• [Exercise prompt] In the entries that follow, the lines from the one with "Goldcity รุ่น205s ไซส์" through the one with "Hanes Women's Socks" are the ones to write out, exactly and with both ends included. Nothing else should appear.

• [Information shown]
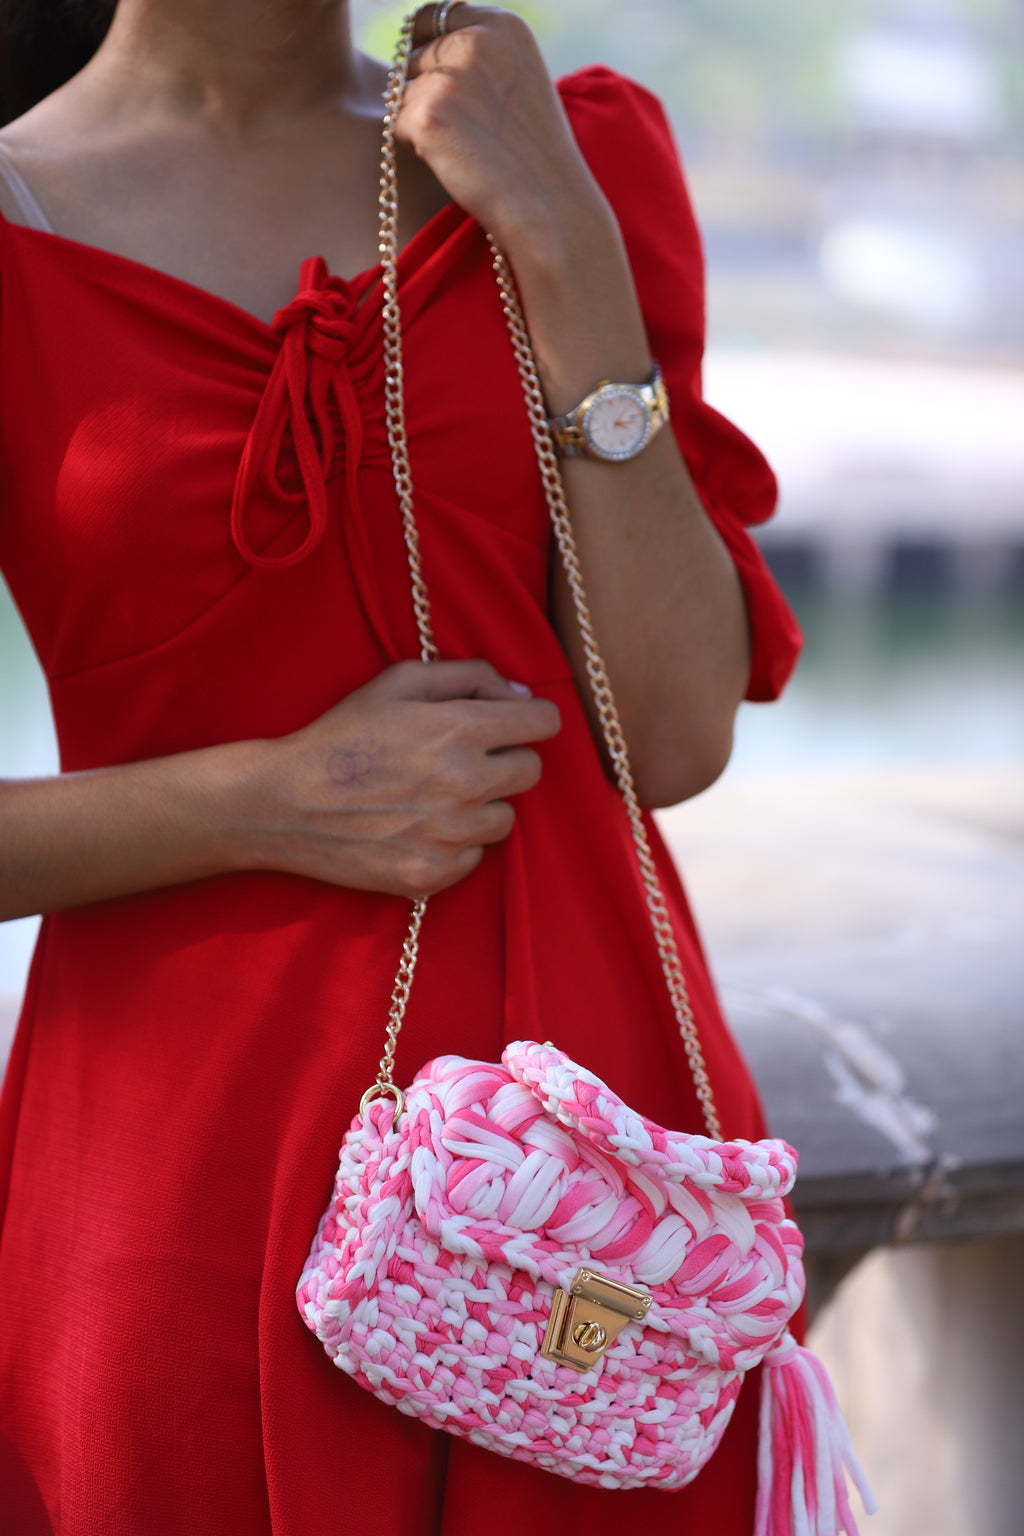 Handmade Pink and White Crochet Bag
---
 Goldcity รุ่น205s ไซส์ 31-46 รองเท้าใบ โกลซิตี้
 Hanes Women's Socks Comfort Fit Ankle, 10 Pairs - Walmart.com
* * *
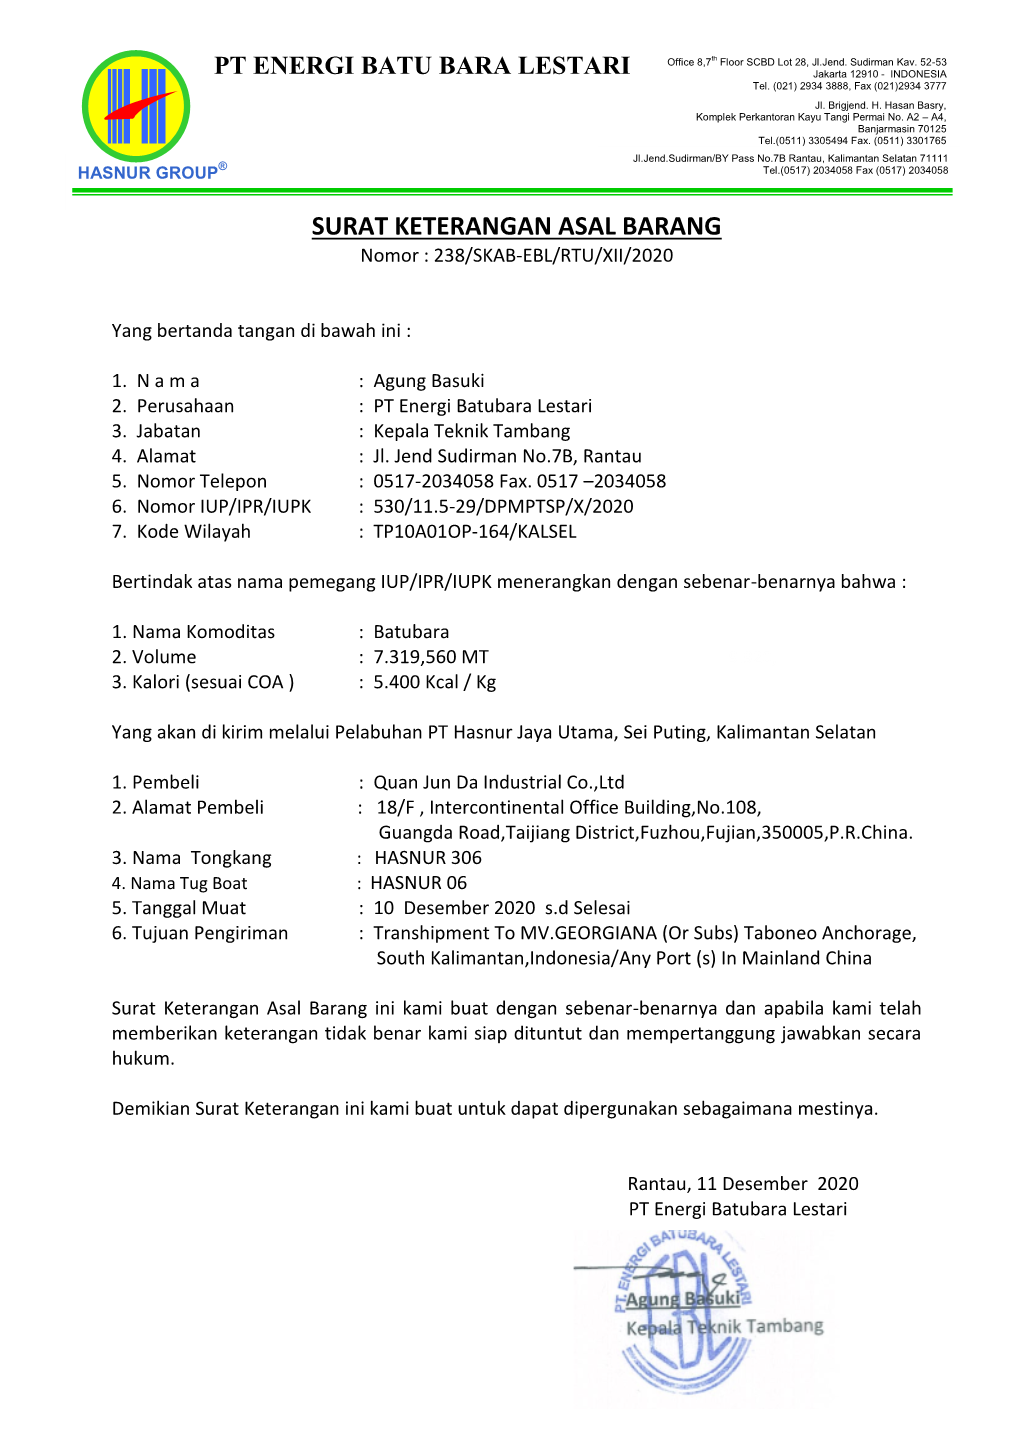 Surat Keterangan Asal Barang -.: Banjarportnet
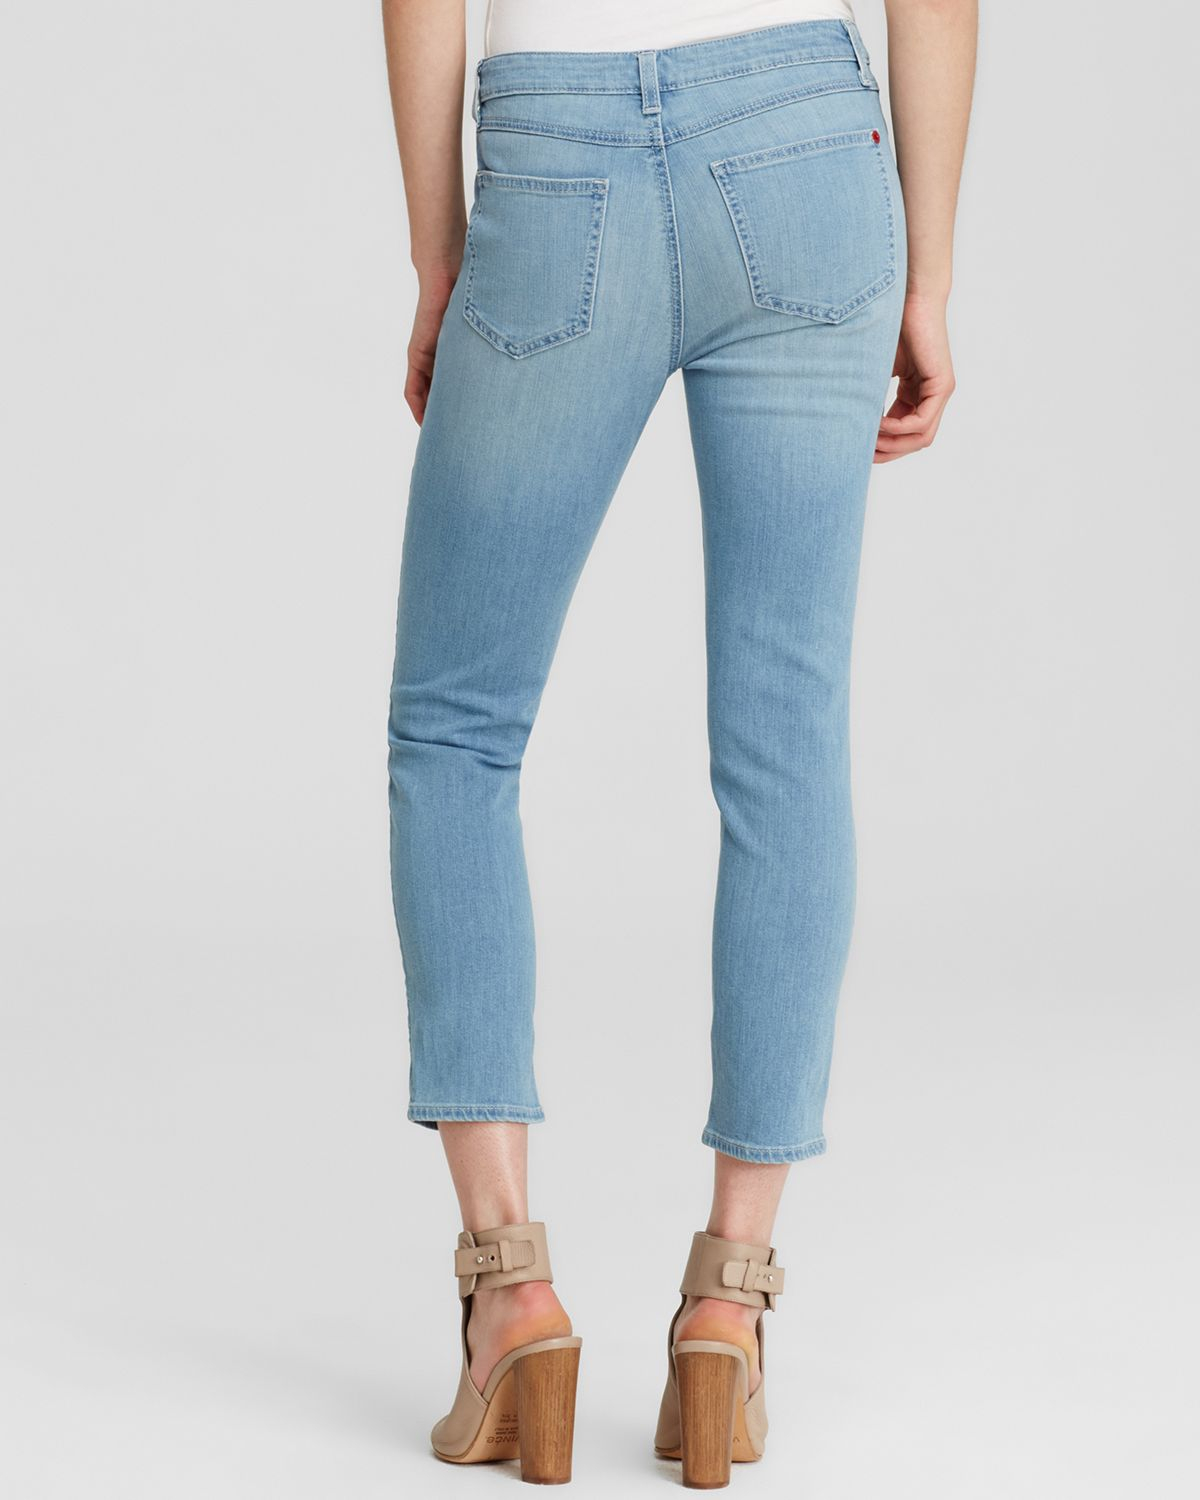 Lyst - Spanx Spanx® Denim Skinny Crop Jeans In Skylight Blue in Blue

• [Solved problem]
 Goldcity รุ่น205s ไซส์ 31-46 รองเท้าใบ โกลซิตี้
 Hanes Women's Socks Comfort Fit Ankle, 10 Pairs - Walmart.com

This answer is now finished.